Instructions for the task:
Exact copy, no pictures: output each line below as it stands.

Dataset content:
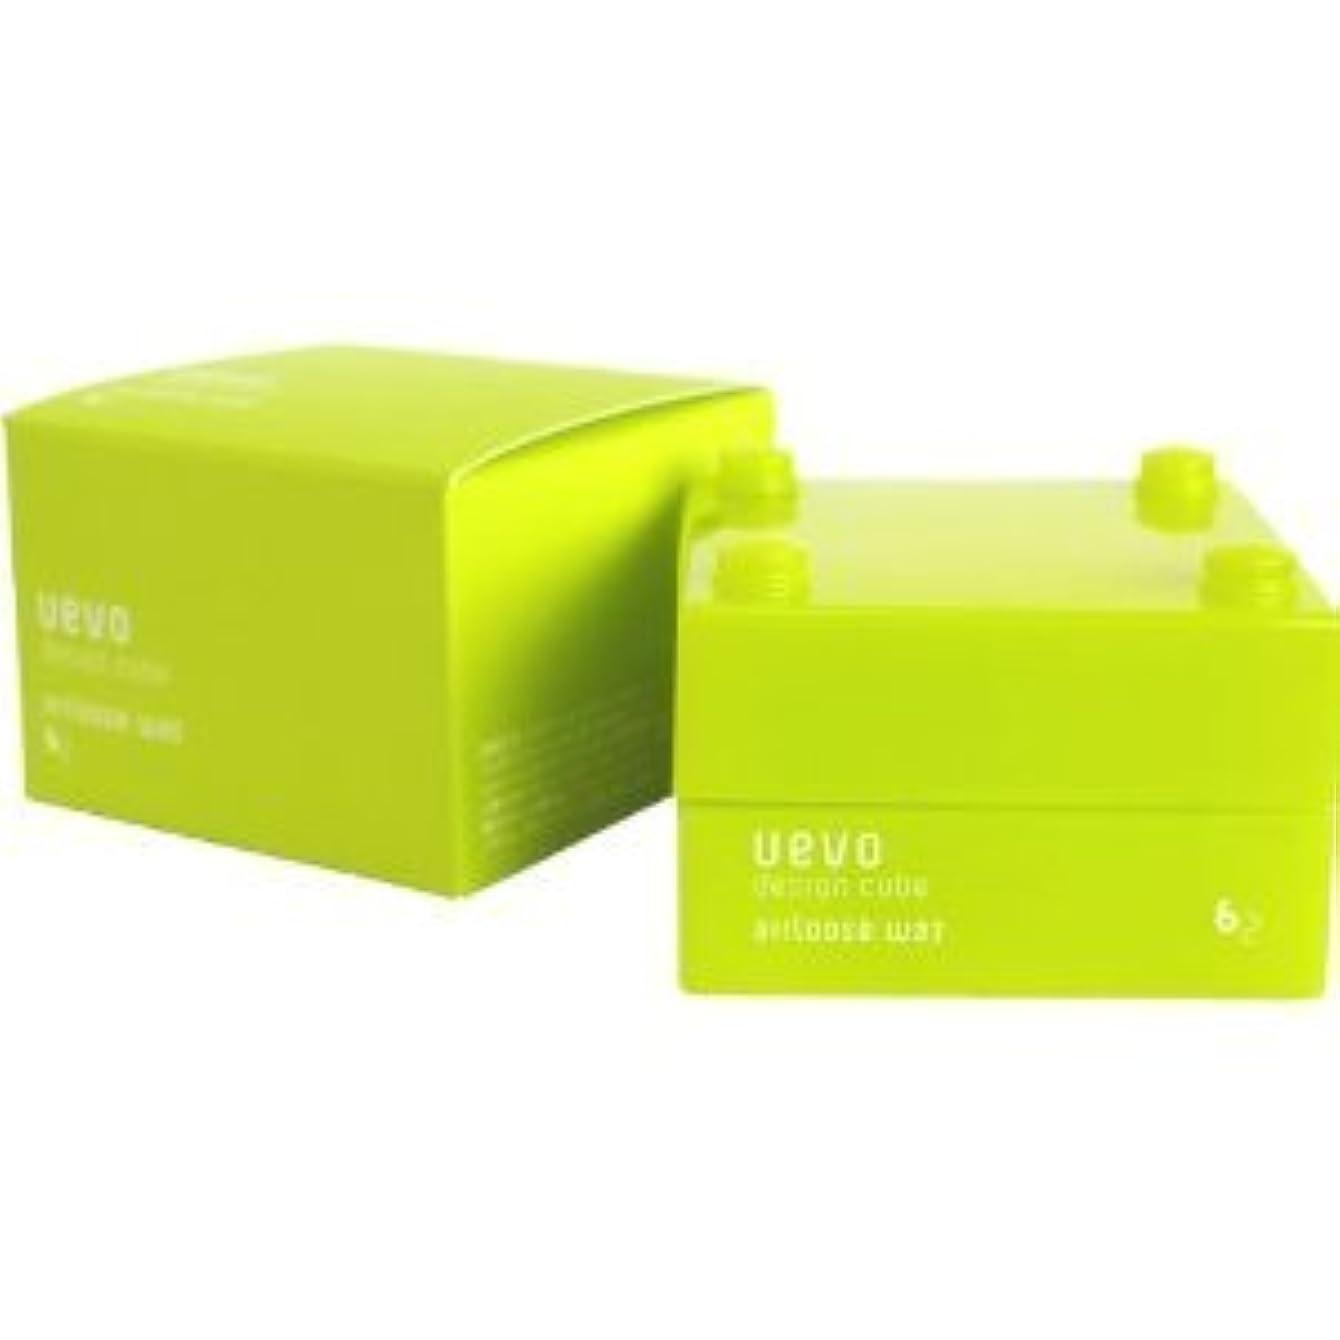 刺激する割るアンテナ【X2個セット】 デミ ウェーボ デザインキューブ エアルーズワックス 30g airloose wax DEMI uevo design cube
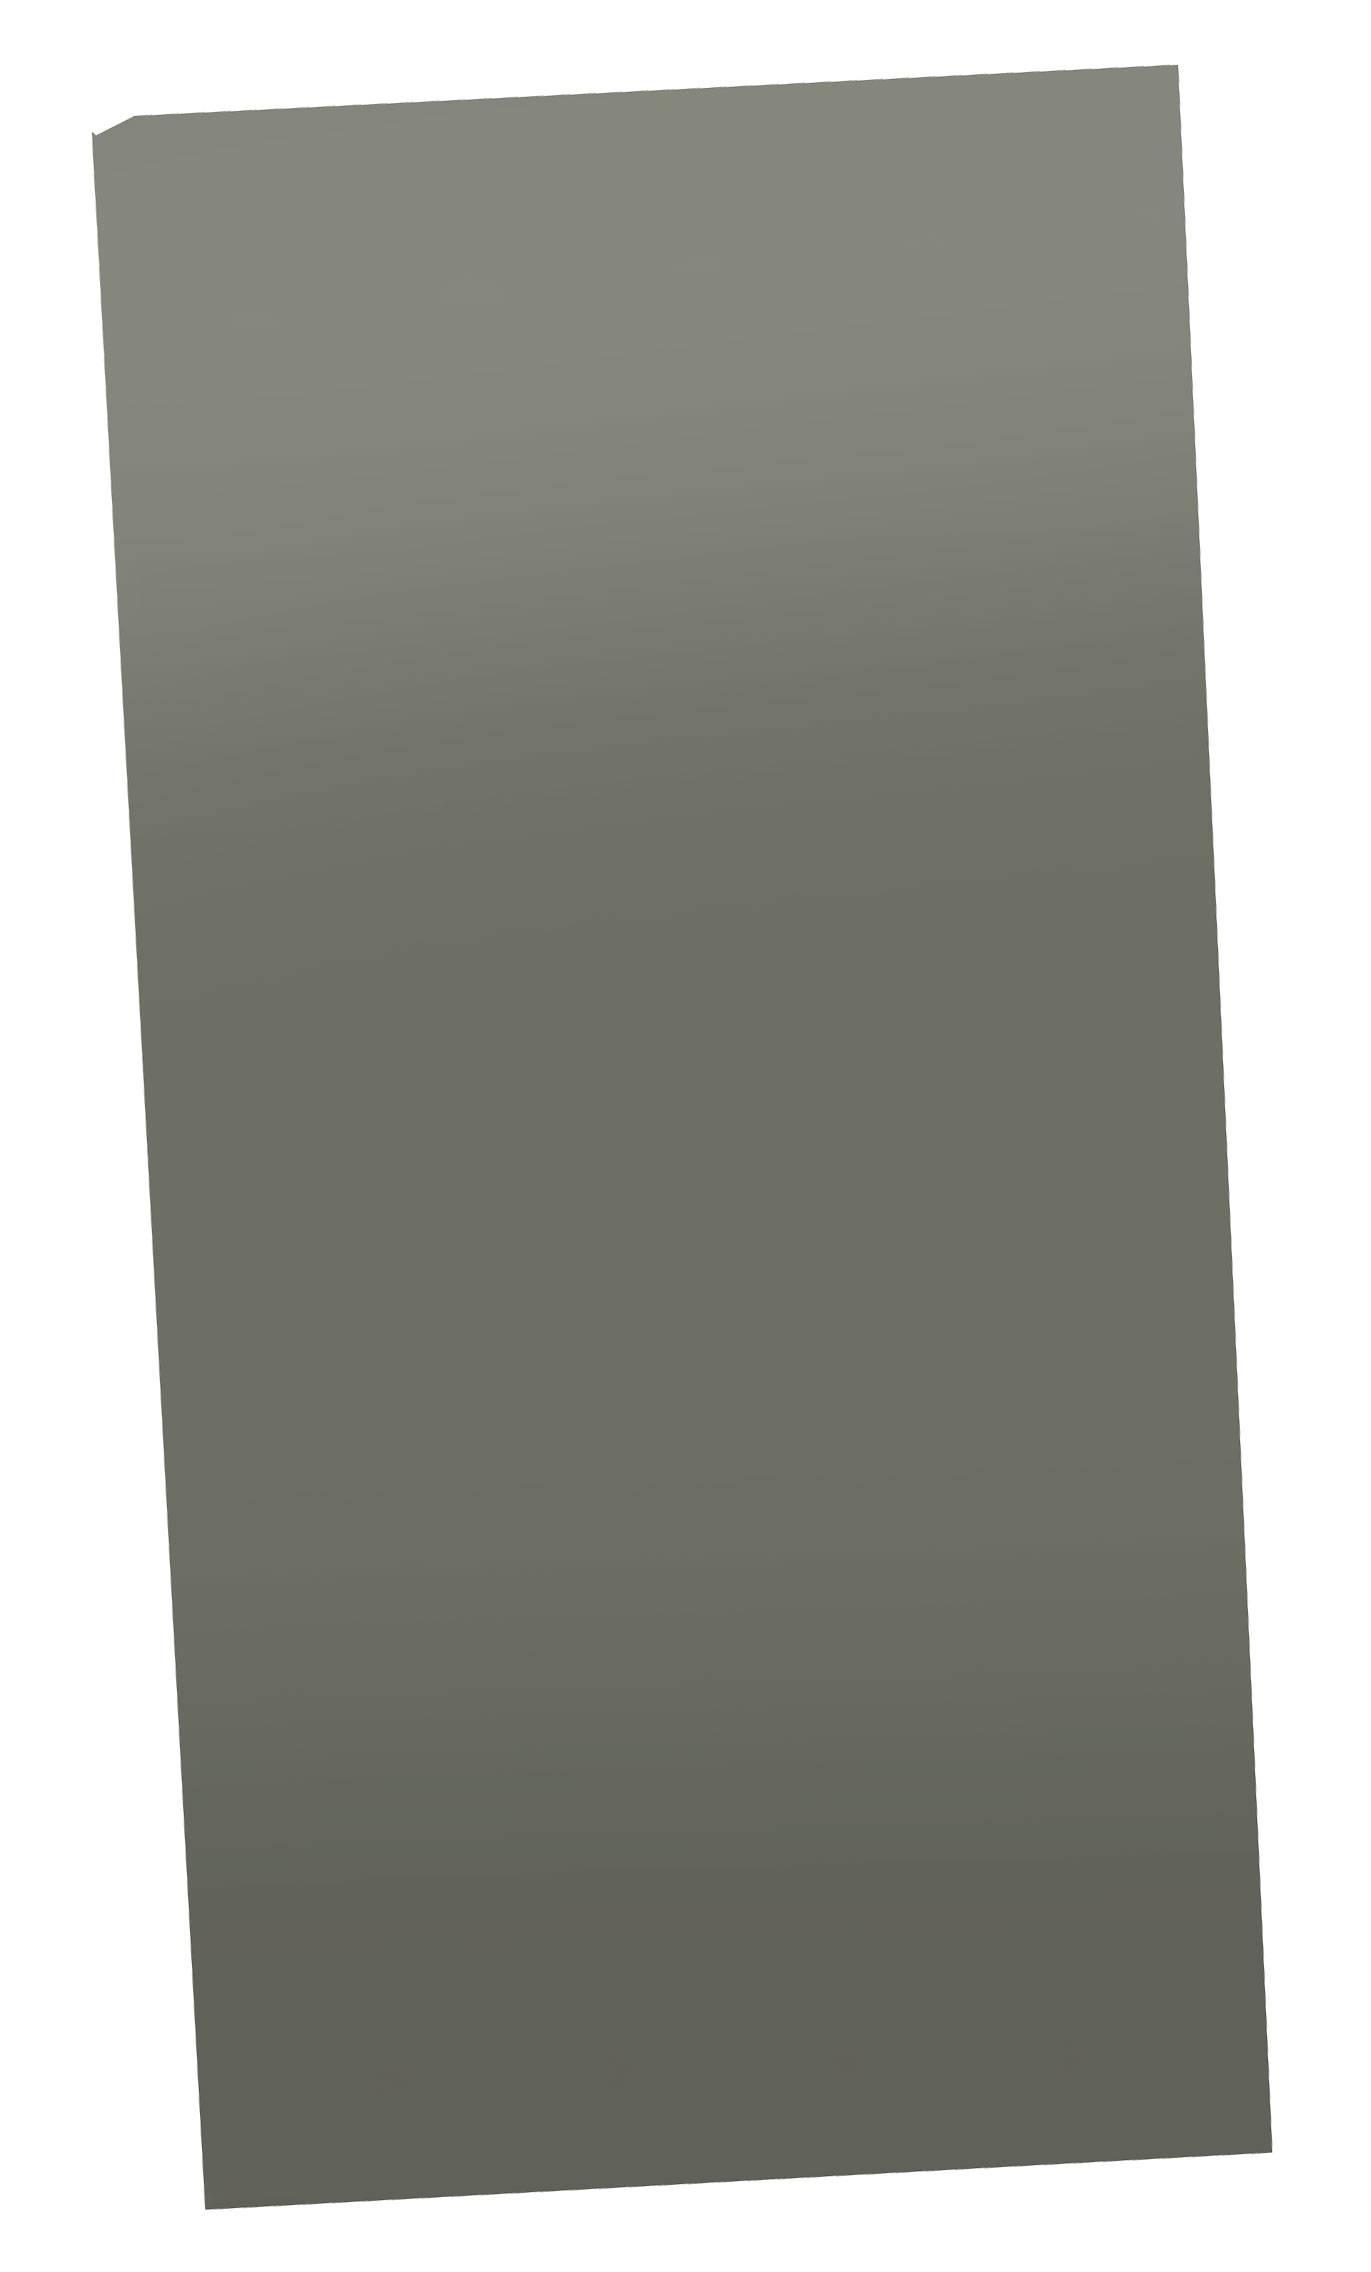 Čelný panel Strapubox Tworzywo sztuczne.Płyta czołowa: 215x111x2 mm, szara, 215 mm, umelá hmota, 1 ks
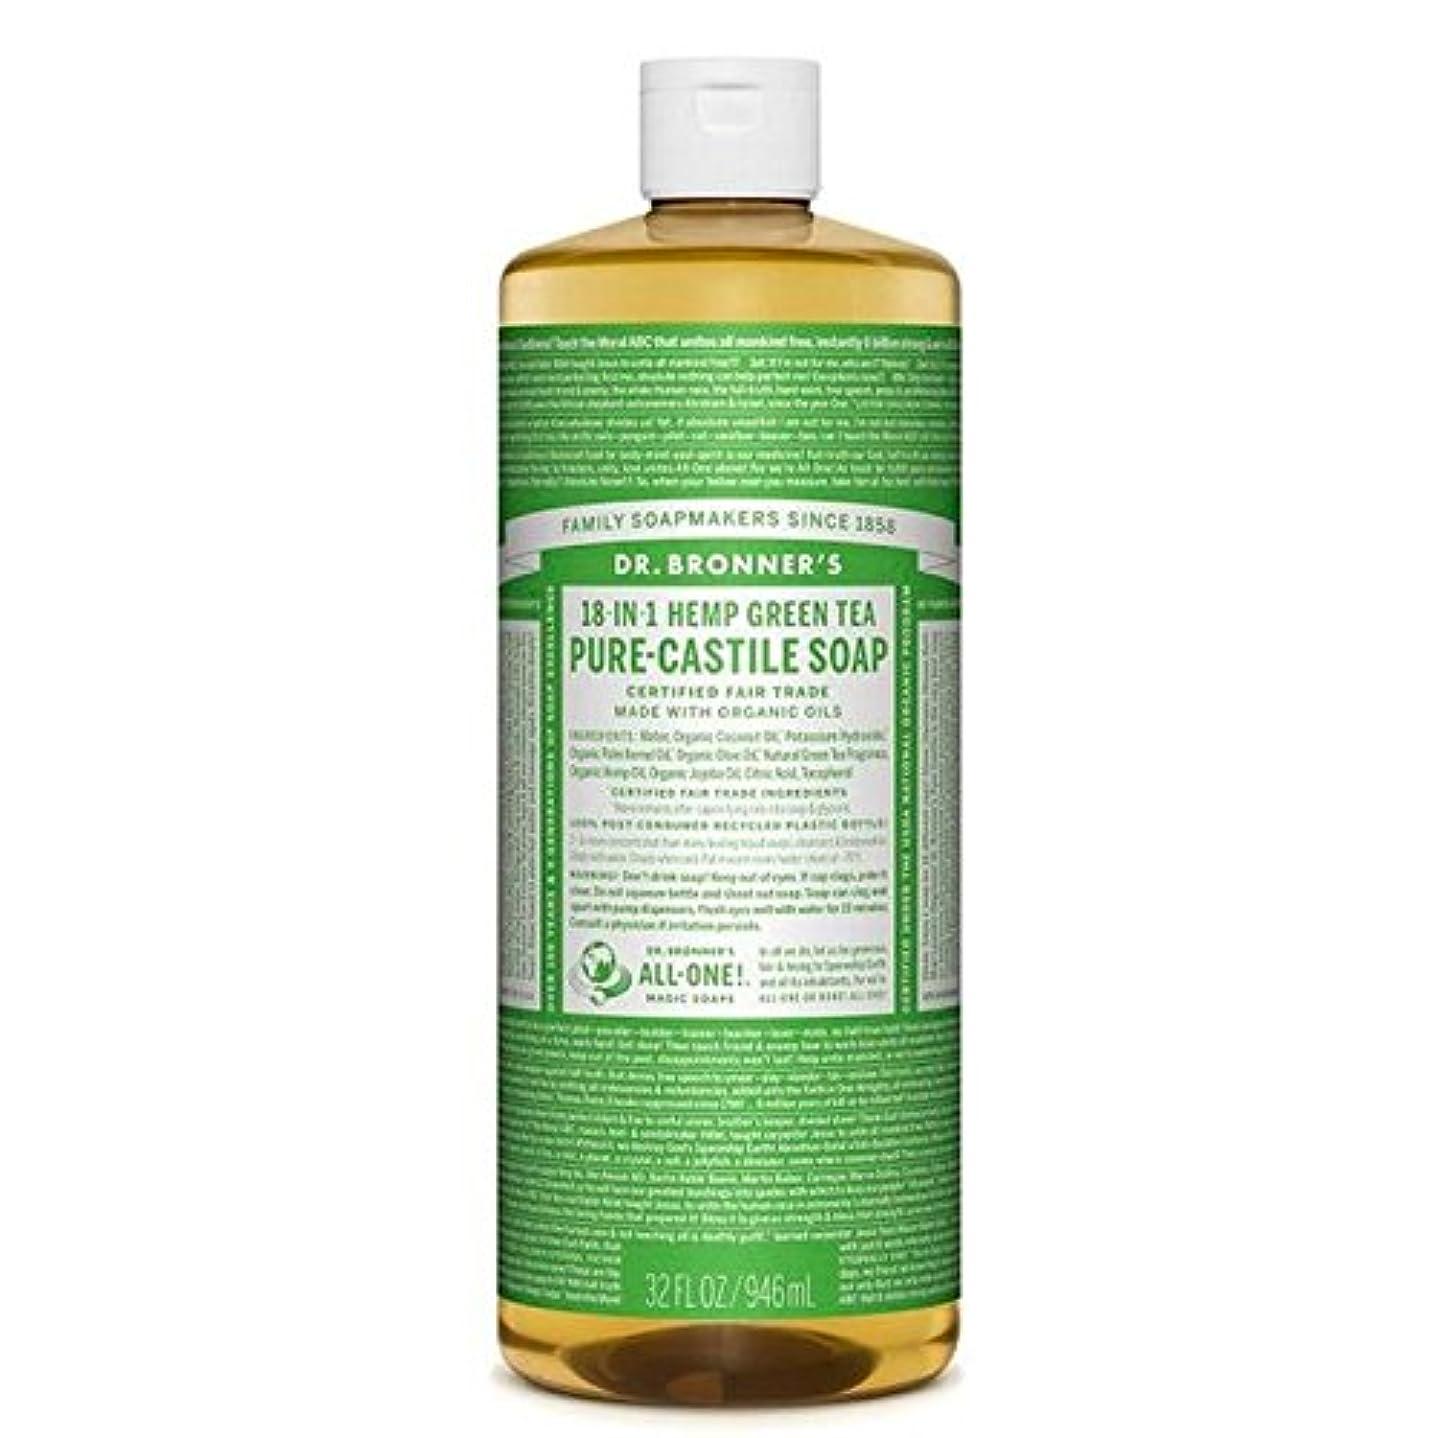 揮発性アレルギー洞察力Dr Bronner Organic Green Tea Castile Liquid Soap 946ml - のブロナー有機緑茶カスティーリャ液体石鹸946ミリリットル [並行輸入品]
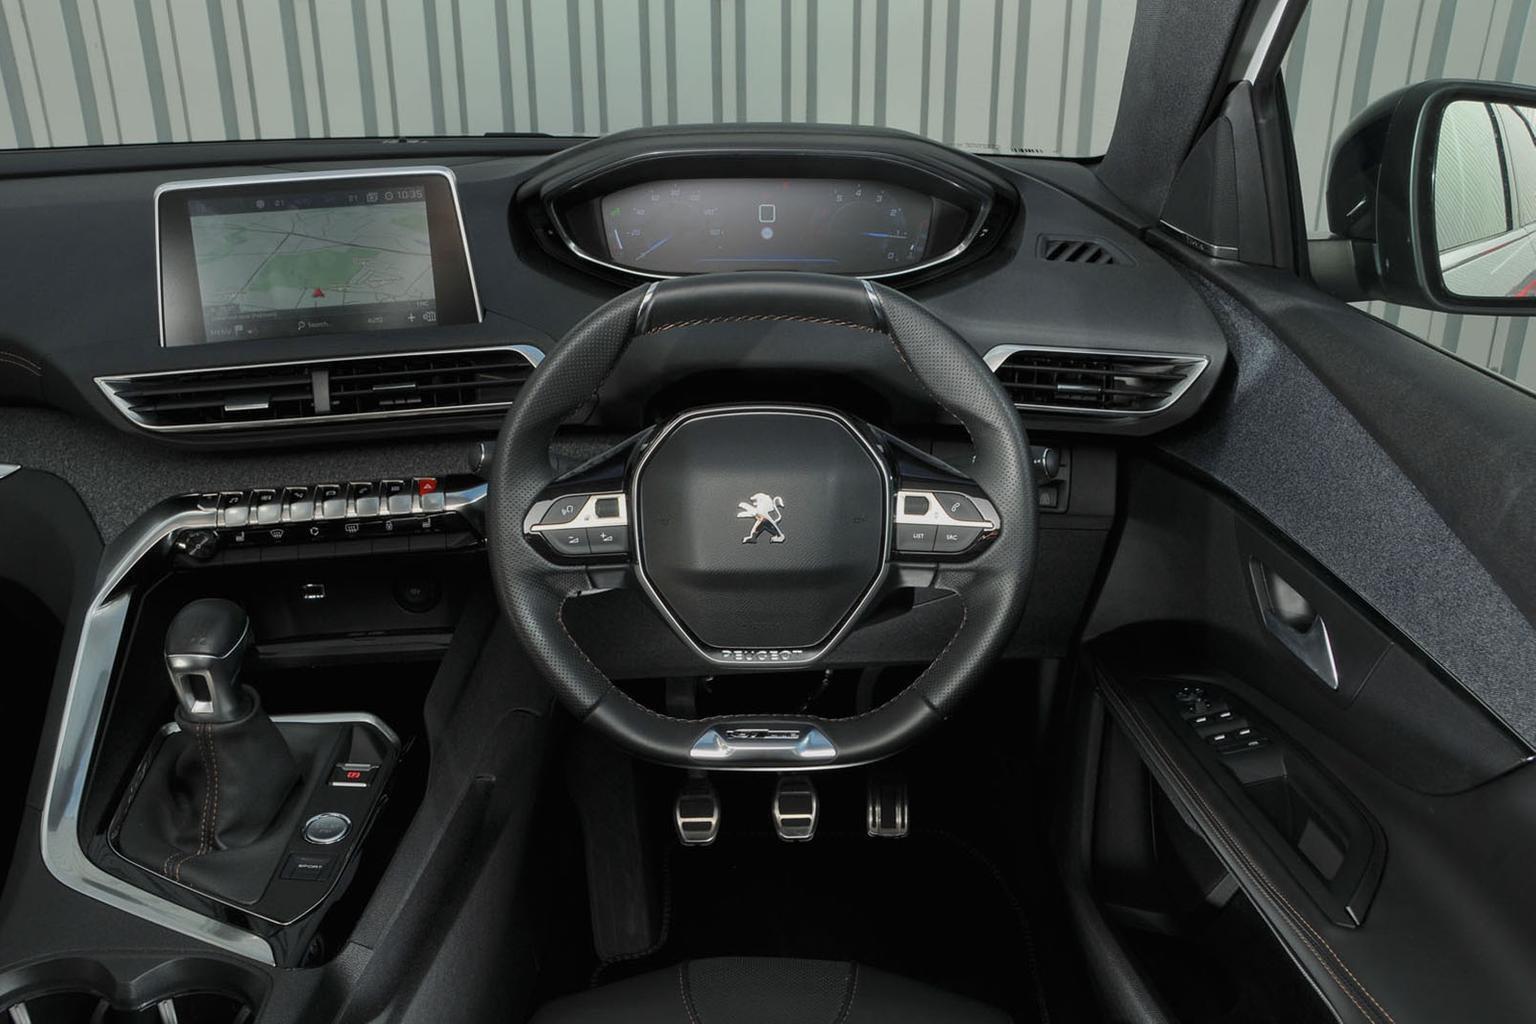 Peugeot 5008 Puretech 1.2 Puretech 130 Allure - interior

Answer space:
 刺激する割るアンテナ【X2個セット】 デミ ウェーボ デザインキューブ エアルーズワックス 30g airloose wax DEMI uevo design cube
 Čelný panel Strapubox Tworzywo sztuczne.Płyta czołowa: 215x111x2 mm, szara, 215 mm, umelá hmota, 1 ks
 揮発性アレルギー洞察力Dr Bronner Organic Green Tea Castile Liquid Soap 946ml - のブロナー有機緑茶カスティーリャ液体石鹸946ミリリットル [並行輸入品]
 Peugeot 5008 Puretech 1.2 Puretech 130 Allure - interior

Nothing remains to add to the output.